The company's tax history was unavailable, as Mississippi revenue officials said the information was confidential, and their counterparts in Louisiana did not return phone calls.
Meanwhile, the benefits afforded PRI/DJI's bids is of a piece with the overall federal reconstruction effort, according to CorpWatch. In a 36-page "Big, Easy Money" report released Thursday, the organization accused the federal government of bungling Gulf Coast rebuilding projects.
The Oakland, Calif., watchdog group laced its report with references to huge contractors' ties and campaign contributions to Republican officials, particularly President Bush.
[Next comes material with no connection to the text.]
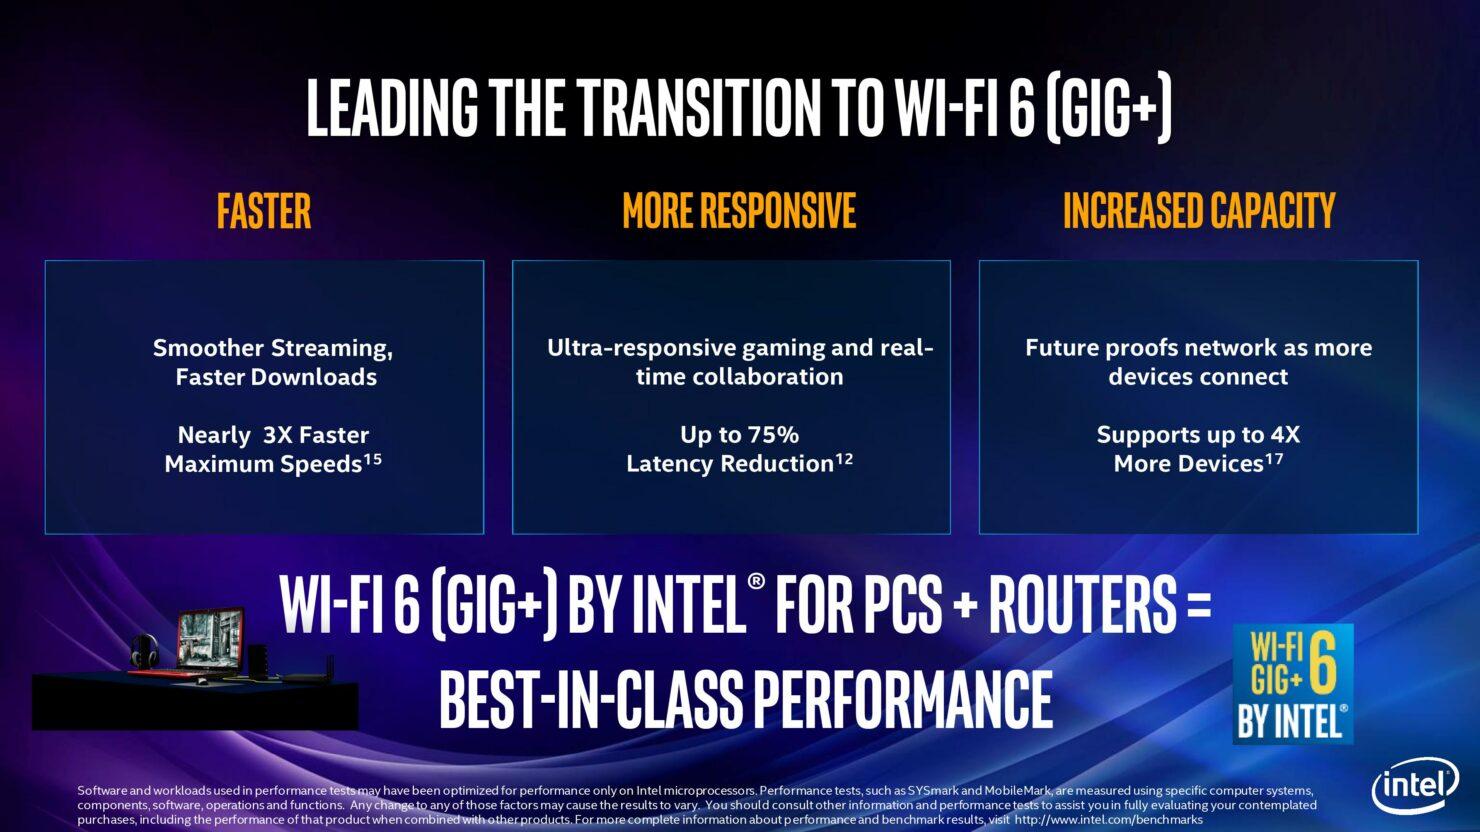 9th-gen-intel-core-mobile-launch-presentation-under-nda-until-april-23-page-012

The report's author, Rita King, criticized the Gulf Coast contracting process in a comment that also is posted on the group's Web site, www.corpwatch.org.
Big companies win out
"The devastation that Hurricane Katrina brought to the Gulf Coast is tragic enough, but the scope of the corporate greed that followed, facilitated by government incompetence and complicity, is downright criminal," she said.
In particular, King's report compared the gigantic contracts that sprawling, multinational service companies have won, often in a noncompetitive environment, with those handed out to smaller, local firms. Of the $6 billion in hurricane-related contracts granted by FEMA to date, only 13 percent, or $780 million, were awarded to local firms, King said.
The problem was acute among small and minority businesses, which appear to have been largely shut out of massive contracting processes, such as the travel trailer deals, that allegedly were designed to favor them, the report said. "Local businesses fared even worse," the document said.
"In the initial aftermath of the storm, a surge of no-bid contracts emanated from FEMA, but only 10 percent (in dollar value) of those contracts went to businesses headquartered in the three worst-hit states," the report said.